In particular, I was seeing the same problem, until I cleared the cache.  Then the problem went away.  I wish I'd saved my cache before clearing....

Jonathan _has_ saved his.  Byron, can you take a look, please?
Bjarne, can you look into this? Seems possibly related to some of the other intermittent cache load problems that have been reported.
Assignee: nobody → bjarne
blocking2.0: ? → betaN+
See bug #588804, comment #22.
Note that this page isn't https....

Jonathan, did you ever quit your browser, and does the problem still appear after restart?
See bug #588804, comment #23.
It's hard to find an explanation for why the hard reload fails. Were the reload-issues reproducible or did they just occur once?

I've checked the http-responses for the SVGs in question and the server do reply with Content-Length. So current thinking is that this issue is not caused by the problem identified in bug #588804.
When I hit this bug, they were reproducible until I cleared the cache.
Ok - thanks. This is also what I remember from looking at it with Jonathan.

When I did look at this with Jonathan, I also think we searched the about:cache for the SVGs but found only three of the four. Moreover, after a hard reload still only three SVGs were found. Jonathan - could you confirm or add details?

An crucial question is: What kind of cache-issue do we believe this to be?

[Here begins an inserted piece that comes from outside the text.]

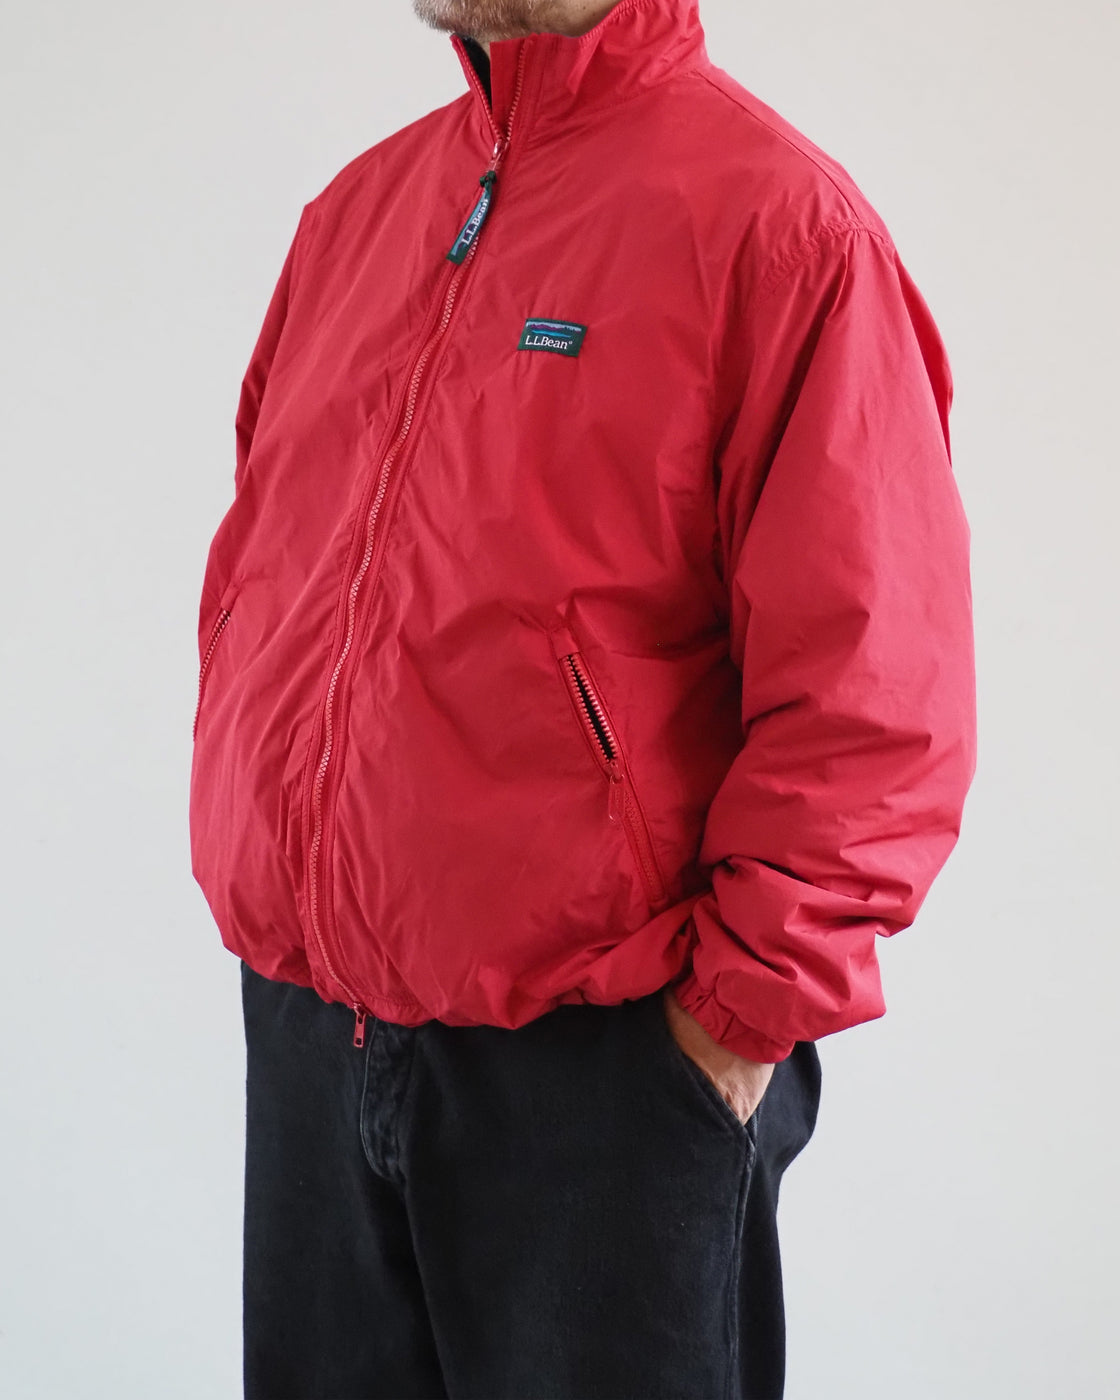 L.L.Bean Lovell Microfleece Lined Jacket,Scarlet

As I understand the test, each row loads the same resource using four different mechanisms to refer to it. Theoretically, the first column triggers the actual load from the server and the three other columns loads the resource from the cache once it is complete, right? Why would the second column show the content while third and fourth does not (they should all be loaded from cache)? Does the third and fourth mechanisms rely on different notifications than the second to determine when the content is ready, and does the cache somehow gets into a state where it fails to dispatch some notifications?
Mmmm...  bug #444165 just crossed my mind. Relevant? (assuming that the cache does something weird/wrong about notifications)
> An crucial question is: What kind of cache-issue do we believe this to be?

If we knew, that would make things a lot simpler... all we know is that there are all sorts of cases recently where a hard-reload will make things render right but anything else won't.  This, being a reproducible such case, seemed like a good candidate for maybe hunting down what's going on.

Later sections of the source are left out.